We had three other families join us with kids ranging from sixteen months to five years old. One of the other mums pointed out that all the kids were boys. Was that a coincidence or do young boys really have so much energy that their parents feel the need to join forces with other families to wear them out on a weekend?

We started blowing bubbles about fifty meters up the path and really didn’t get much further. The boys had a blast running up and down the path, following the bubbles as they floated away. The giggles of glee in the unexpected sunshine were wonderful. I had so much fun, laughing with the other parents and blowing bubbles for the kids that I forgot to take any pictures.

Comments from Mini Monkey: Bubble bubbles bubbles squeeee!   

Opening Hours: Always open

Cost: free 

Sunday, 14 August 2016

Adventure 4 - The one with the singing frogs

Where: The Spectacles

When: August 2016

My Adventure Companions: The whole MAP family including Velcro Dog and another Hike it Baby family*

“Let’s give it a go without the hiking pack today”

This weekend we went on one of my favorite, toddler friendly hikes and thought Mini Monkey would be happy enough to walk for most of the way on the flat, firm path.
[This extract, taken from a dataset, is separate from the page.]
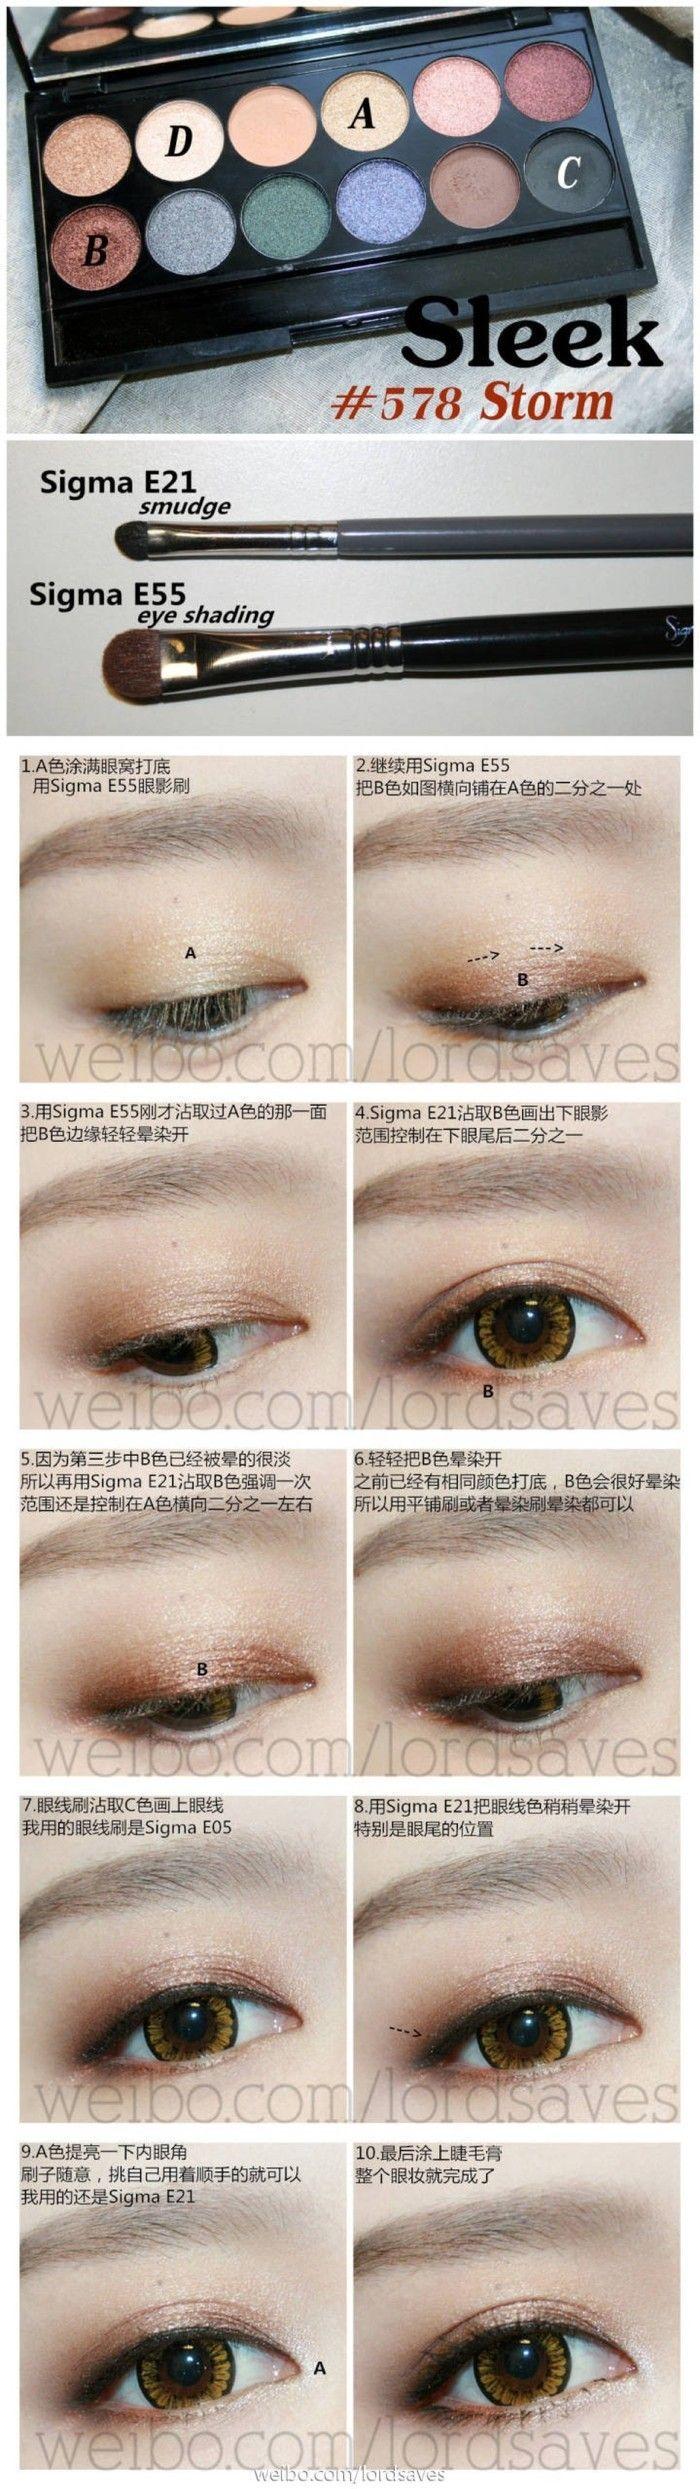 asian makeup tutorial, sleek storm eyeshadow palette tutorial, korean style make...
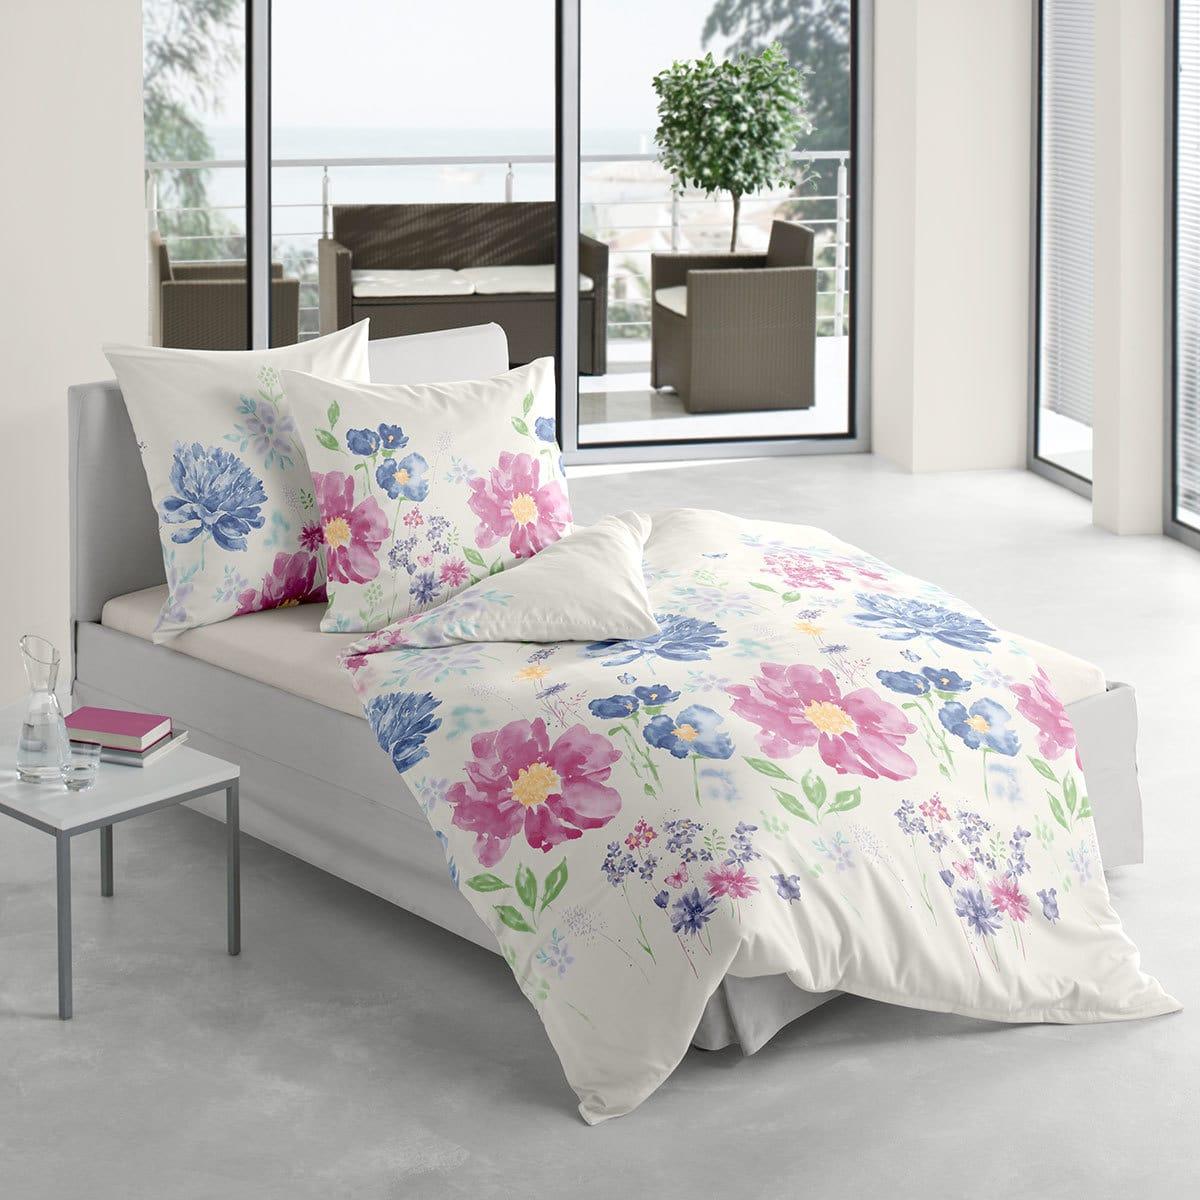 biber bettw sche eule preisvergleich die besten angebote online kaufen. Black Bedroom Furniture Sets. Home Design Ideas

Unfortunately it was one of ‘those’ days so not only did he not want to walk but he also needed a few cuddles for persuasion. After a few ‘sit down negotiations’ and some edible bribery he decided that there were lots more interesting things to be seen from Mr MAP’s shoulders and agreed to go ‘up’.  I’d like to say that the pace picked up after that but it didn’t. This is what hiking with a toddler is all about. For me, today was about watching Mini Monkey feel the ferns, realise that his beloved honey is made by bees and see him have a good old chat about sticks with Mr MAP.

The Giant Baby is finding the world a very interesting place now and is getting very good at resisting naps. No more napping in the car on the way to hikes and no more napping on hikes unless there is the constant rhythm of continuous walking (clearly not today). After looking pretty perky for over two hours beyond his regular nap time, he finally gave in and fell asleep on my back just as we rounded the last bend before the car. To prolong this tiny gift of a nap, I left Mr MAP and Mini Monkey at the car with another snack and took our Hike it Baby friends to see the swamp. I have been along the board walk to the bird hide in the swamp several times before but this was the first time I had ever heard the wonderful chorus of insects and frogs that were singing today. It was so peaceful. Or maybe it was because there were no toddlers within earshot? Either way, it was a very relaxing end to a gentle adventure. 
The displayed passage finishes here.